To add an ADT threshold, click the “New Threshold” button in the ADT threshold tab, and then use search menu that appears to the right of the table to search for an ADT.

When an ADT is selected in the search menu, a ridge plot showing the distribution of expression values in each cell will appear below the menu. Click the plot to set a threshold for the ADT. To aid in placement of the threshold, a grey vertical line will appear when mousing over the plot, and a darker line will appear at the last value selected.

When a selection is made, a panel of statistics will display below the plot. The panel will show the value of the chosen threshold, and the number and percentage of cells above and below the threshold.

To save a threshold, click the “Confirm” button beneath the stats panel. To exit without saving the threshold, click “Cancel”. When a threshold is saved, it will appear on the table of saved thresholds on the left hand side of the screen.

Editing and Deleting ADT Thresholds

To edit an existing threshold, click the icon next to the desired ADT in the table. The same interface shown when adding an ADT value will appear on the right hand side of the screen, with the previous value selected. Press “Confirm” to save any changes made.

To delete a threshold, press the button next to the desired ADT.

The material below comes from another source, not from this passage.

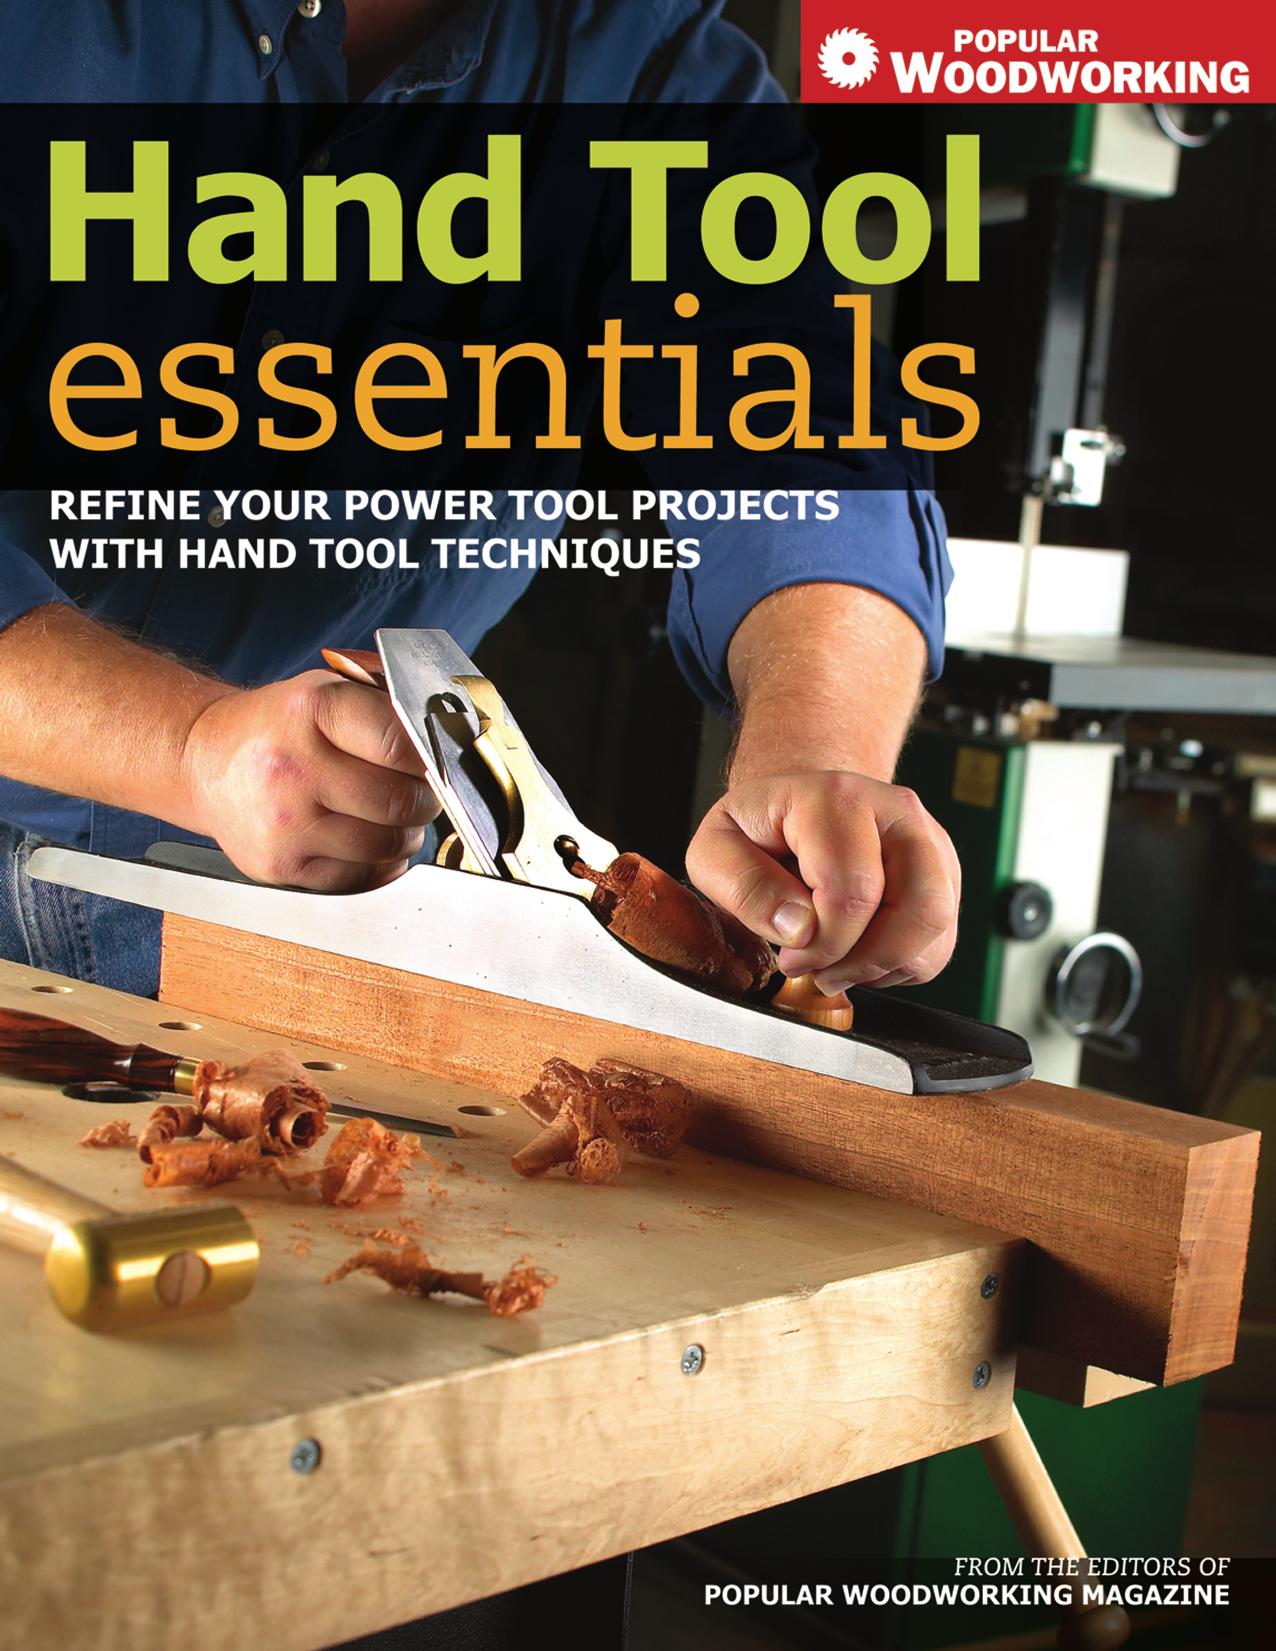 Hand Tool Essentials  Refine Your Power Tool Projects with Hand Tool Techniques 2007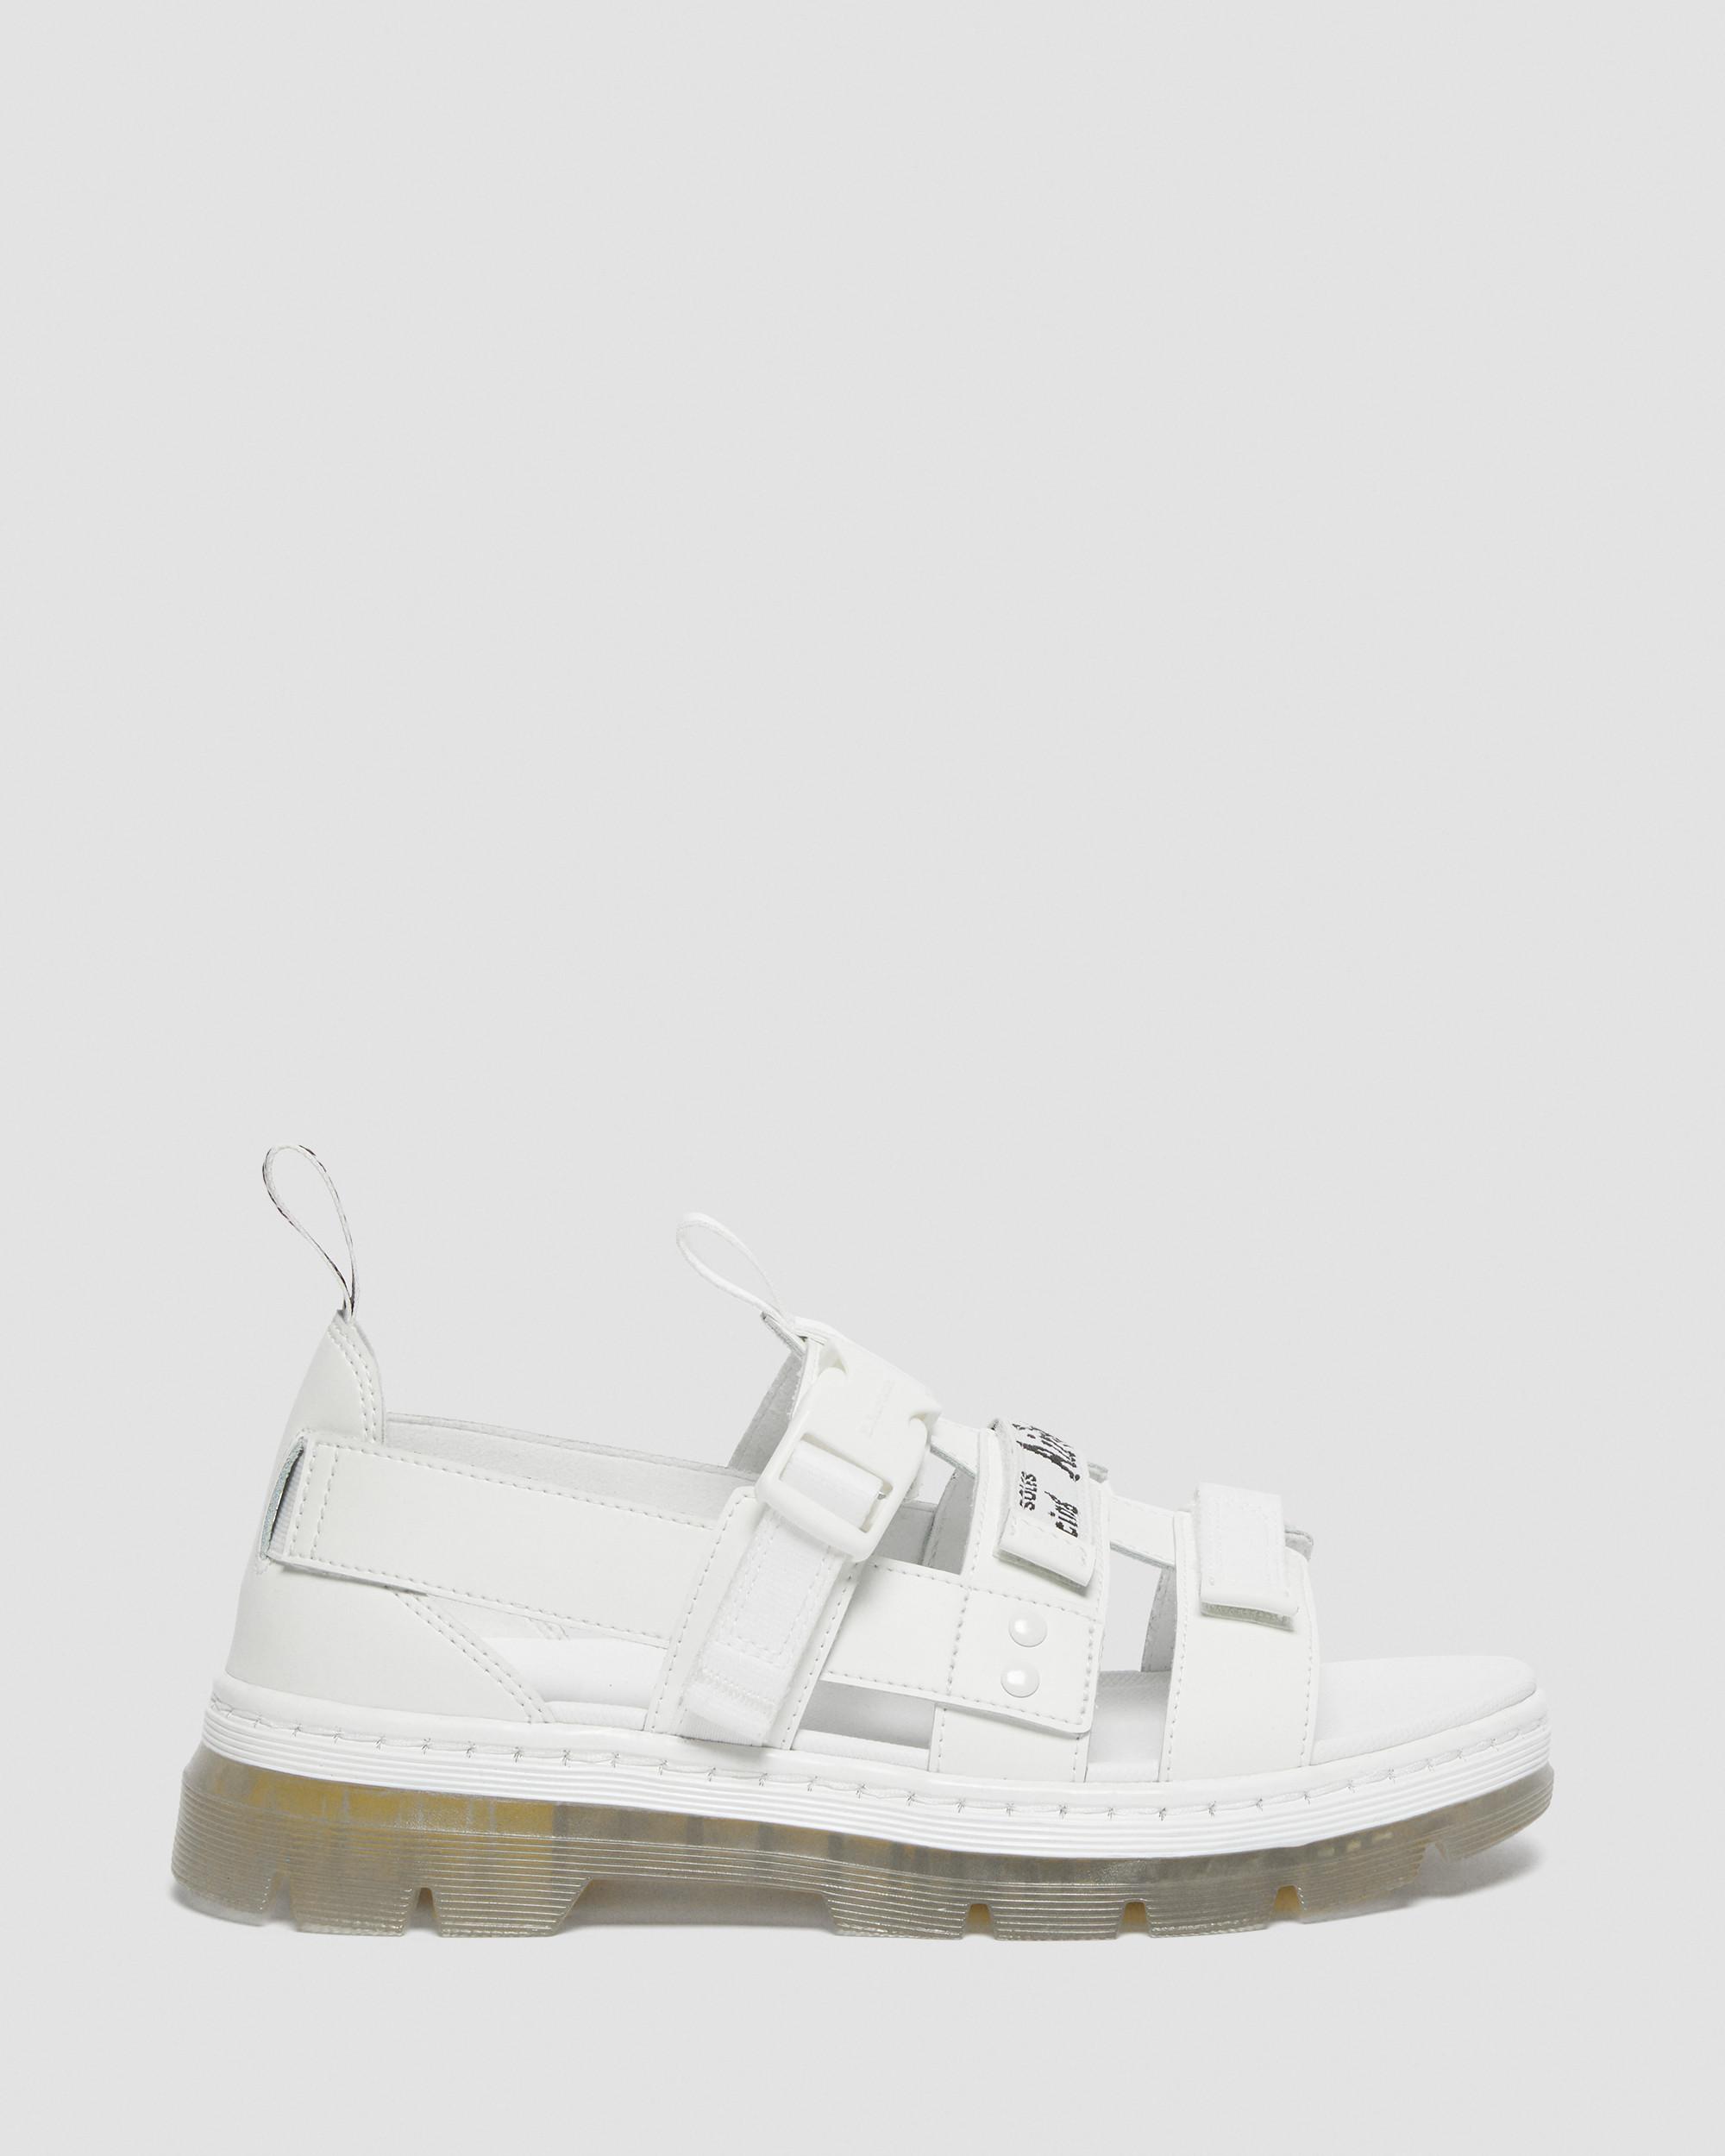 Pearson Iced Webbing Sandals in White

Saving and Loading Config Files

Saving

To save a config file, press the button in the upper right corner and select “Save Config File”. A window will appear to save the config file to your local file system. The file will save in a .yaml format.

Loading

To load a config file, call run_config() with the path to the saved file:

run_config(
  object_path = "./object.rds", 
  config_path = "./config_file.yaml" 
  )

When the app loads, press the button in the upper right corner and select “Load Config File”. All fields in the app will update based on the information read from the file. Each time this button is pressed, the information entered will be reset to what is in the file, so be careful to avoid overwriting data. If the app is launched with config_path equal to NULL, the app will not fill any fields.